1.8.2. Single Particle Impact Electrostatics
A variation from the Faraday cage powder electrostatic measurements are the recent
measurements of charges associated with single particle impacts.165, 166 The studies were able to shed
some light on the charge transfer experienced during particle-wall collisions. Moreover, unlike regular Faraday cage methods, which measure only the net charge of a larger powder sample and
hence may only provide rough charge-to-mass (Q/M) information, the single impact method can measure actual particle charges. However, the single particle method does not lend itself to particles in the single micron-size, and is more relevant to pneumatic conveying systems than to DPIs; as in previous studies the authors neglected to consider the contact charging process within the formulation which is a likely contribution to the aerosol charging in DPI.
1.8.3. Electrical Single Particle Aerodynamic Relaxation Time (E-SPART)

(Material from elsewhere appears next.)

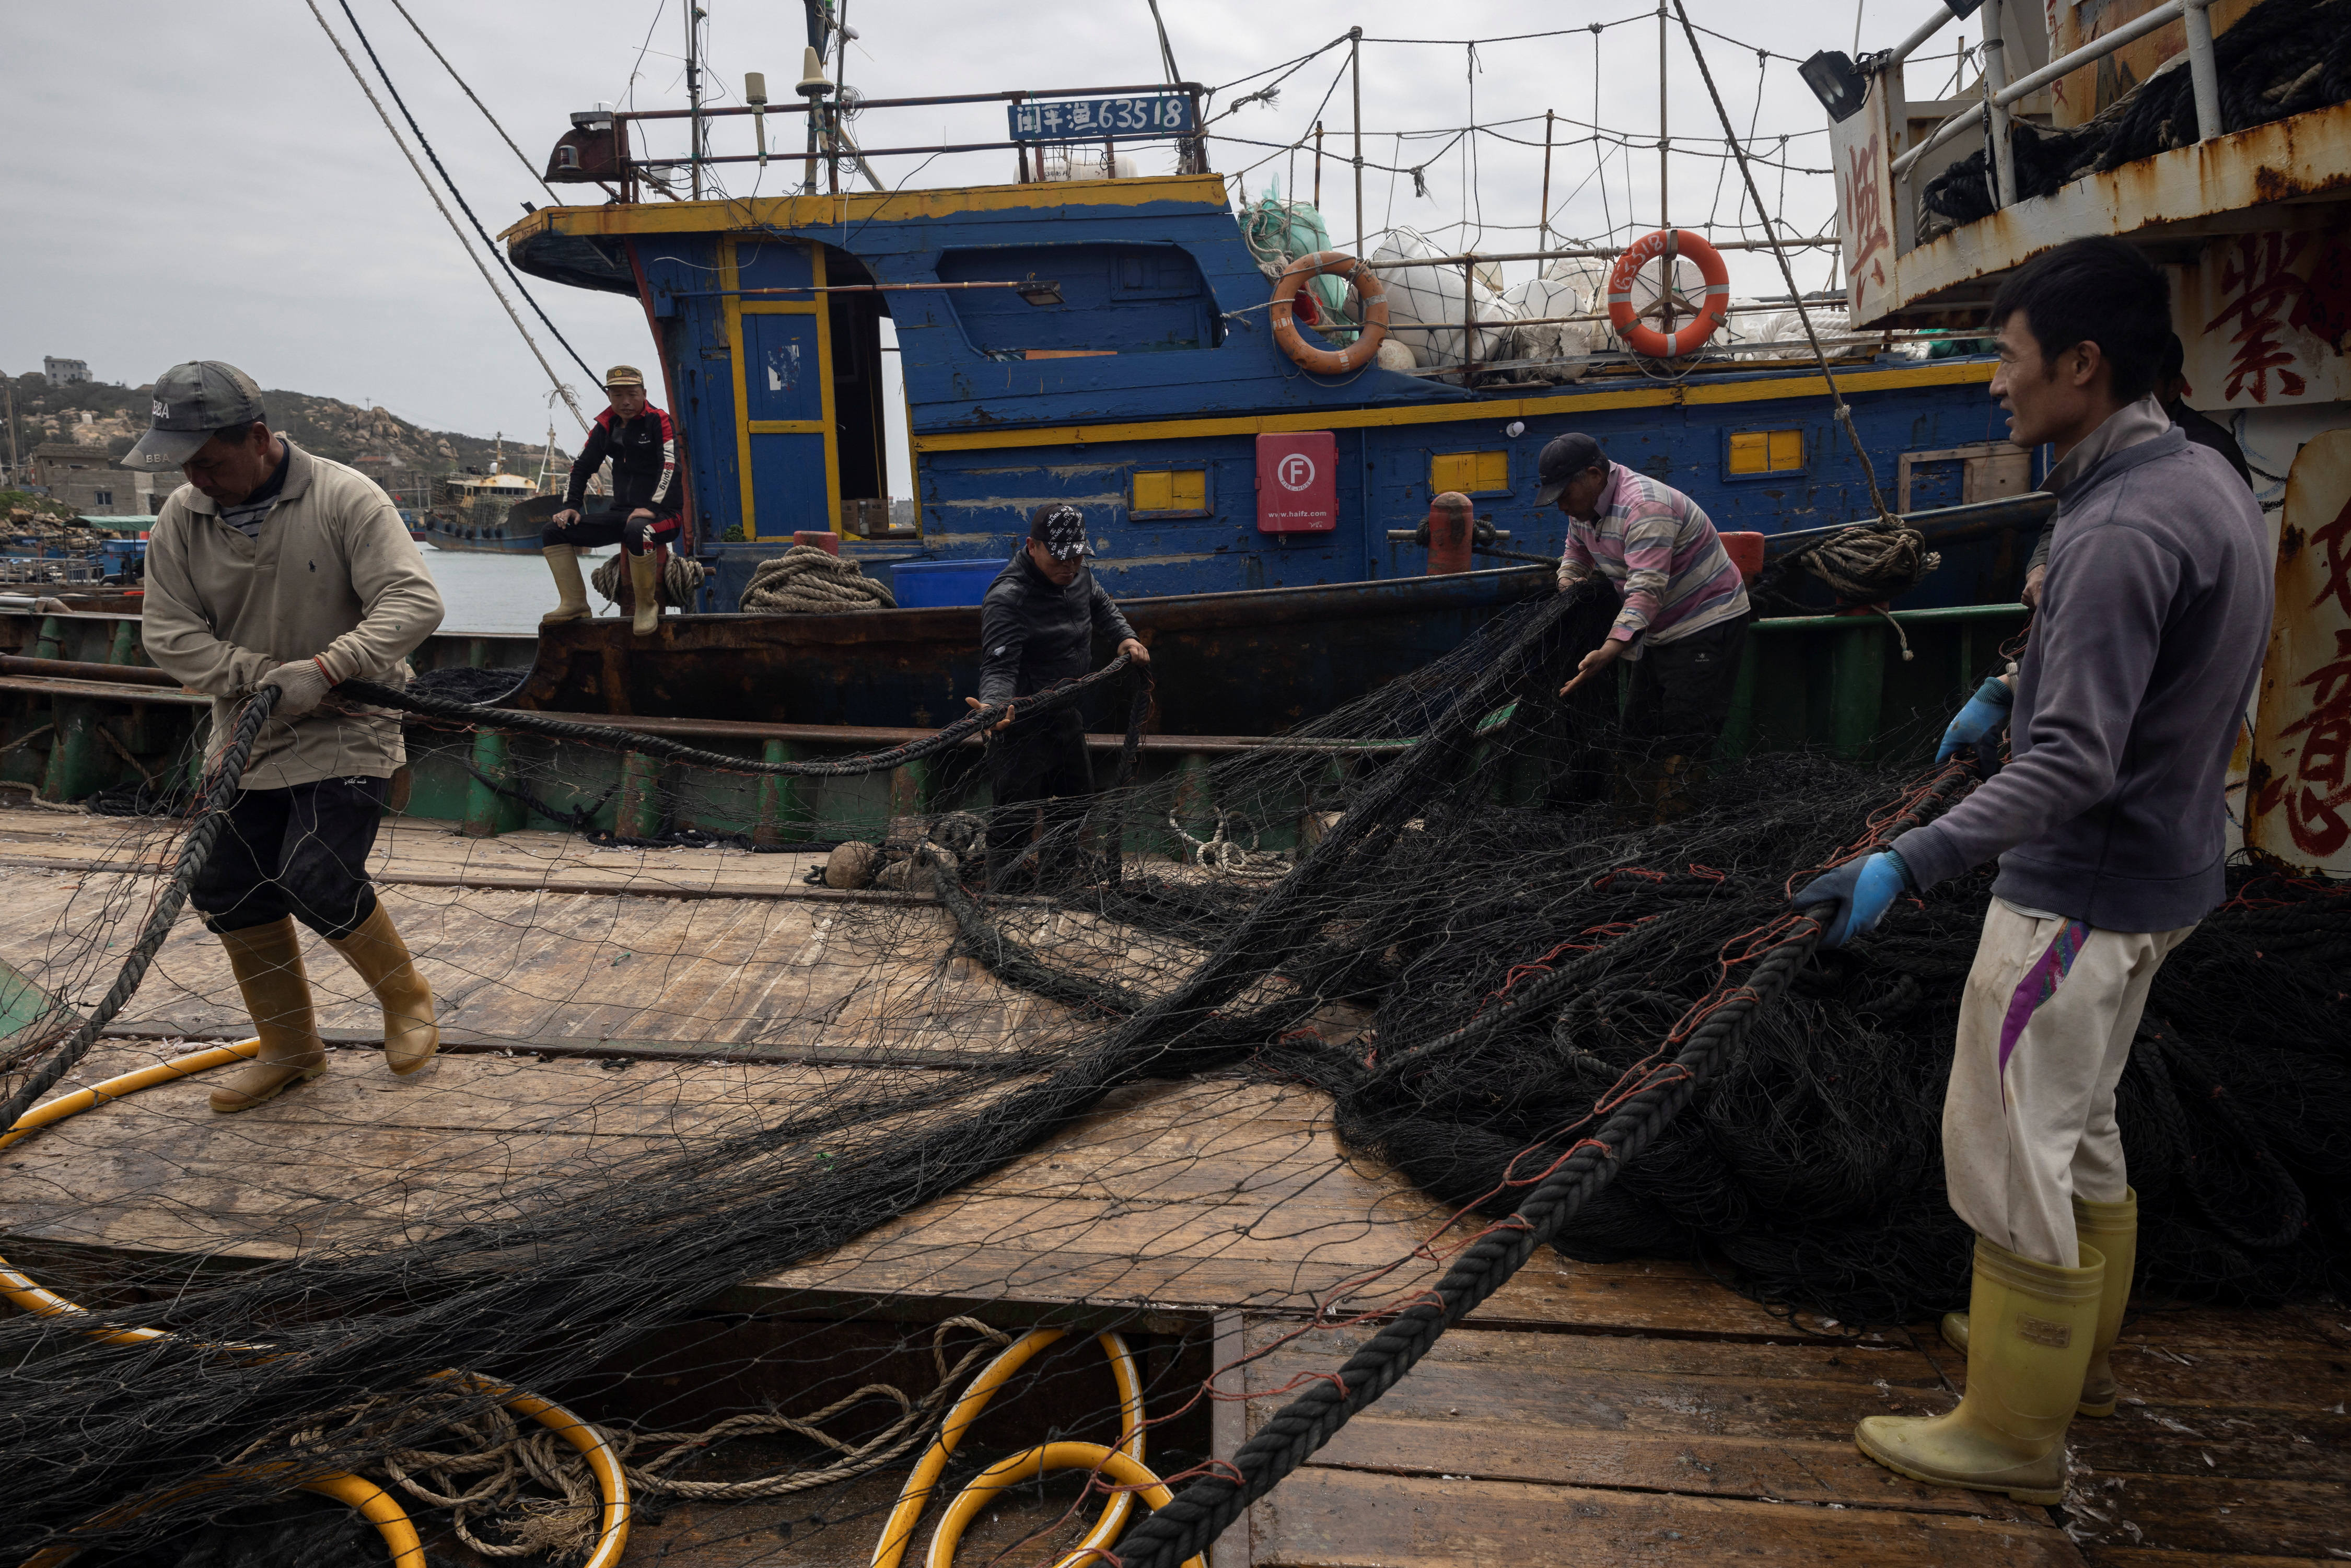 China ratifies WTO deal on fisheries subsidies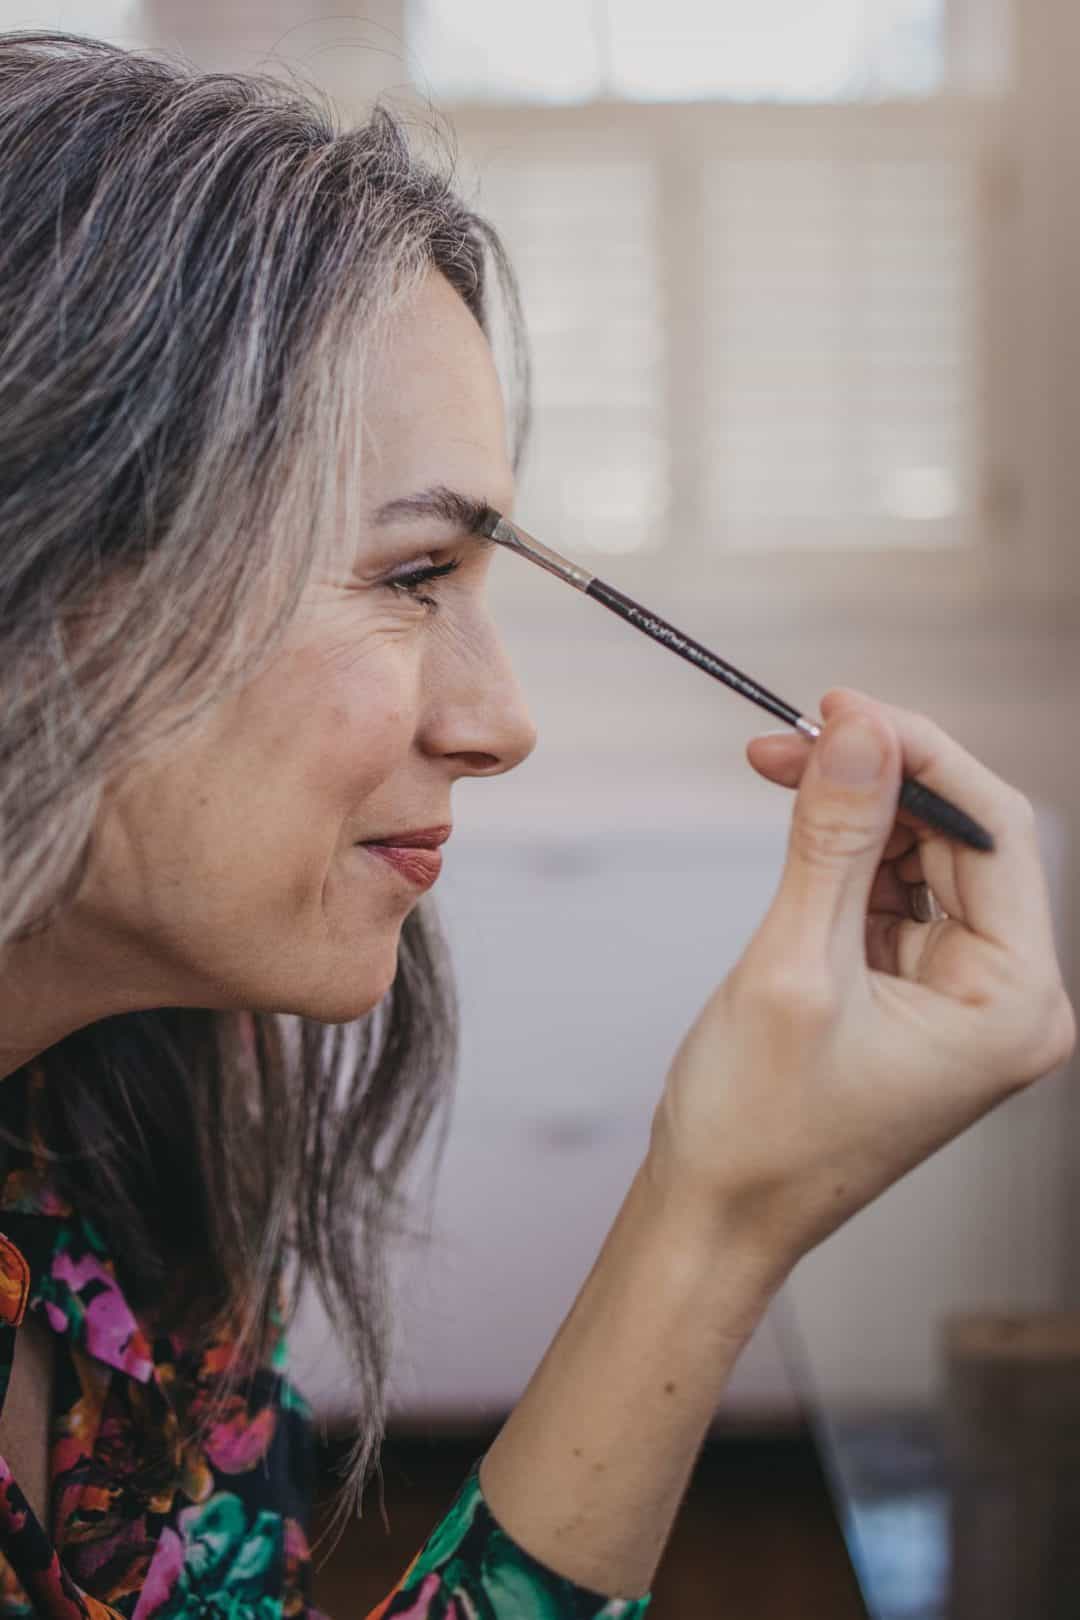 a sideshot of a woman applying makeup to her eyebrow while smiling

E-SPART measurements are also based on single particle measurements, but go further than the
single particle impact device. As in previous electrical mobility measurements,167 charge is measured
indirectly by particle behavior within an electric field. The E-SPART Analyzer has been around since at least the 1980s and has been applied to the characterization of many electrostatic particulate
systems, e.g. printer toner particles.168, 169 The principles of operation are discussed elsewhere.170
Briefly, the E-SPART samples aerosols at low flow rates (1L/min) and detects particles by laser Doppler velocimetry. An oscillating electric field within the device causes particles to oscillate and the particles' response to these oscillations supplies information on the particles' count mean
aerodynamic diameter, and charge-to-mass ratio. Saini et al.171 recently used the E-SPART to study
MDI and DPI particle electrostatics. Inhalers were actuated into a collection chamber from which the E-SPART sampled particles over the course of several minutes. While the paper neglects to consider carefully the pharmaceutical implications of the experiments (e.g. it is unclear from the paper which drugs and inhalers were tested) the study showed differentiated and bipolar particle charging, and suggested charging was the result of inhaler and formulation.
1.8.4. Electrical Low Pressure Impaction
The ELPI, described briefly earlier and subject to more in-depth discussion in Chapter 4, is a cascade impactor in which charge depositions on the individual, electrically insulated stages can be measured. The ELPI can classify particle size fractions and measure the charge on each impactor
stage. Unlike the E-SPART it cannot obtain charges for individual particles but rather average charges for mass deposited on a given impactor collection plate. Using the ELPI, tribocharging within
the formulation was implicated as the likely cause of the drug particle charge.172 The studies also
clearly showed for the first time that DPI charging of drug was subject to strong formulation and
device effects.172 Furthermore, since impactor stages are electrically isolated, size specificity of
charging could be evaluated. However, the studies left a lot of questions unanswered, which is why a more thorough investigation is in order.
The studies herein rely heavily on the ELPI. They constitute a more comprehensive investigation of the DPI electrostatic phenomenon, with more variables, a more in-depth look at the accurate determination of magnitude and polarity of charge on particles in the respirable size range over time. Using complementary techniques the physicochemical origins of contact charging are probed.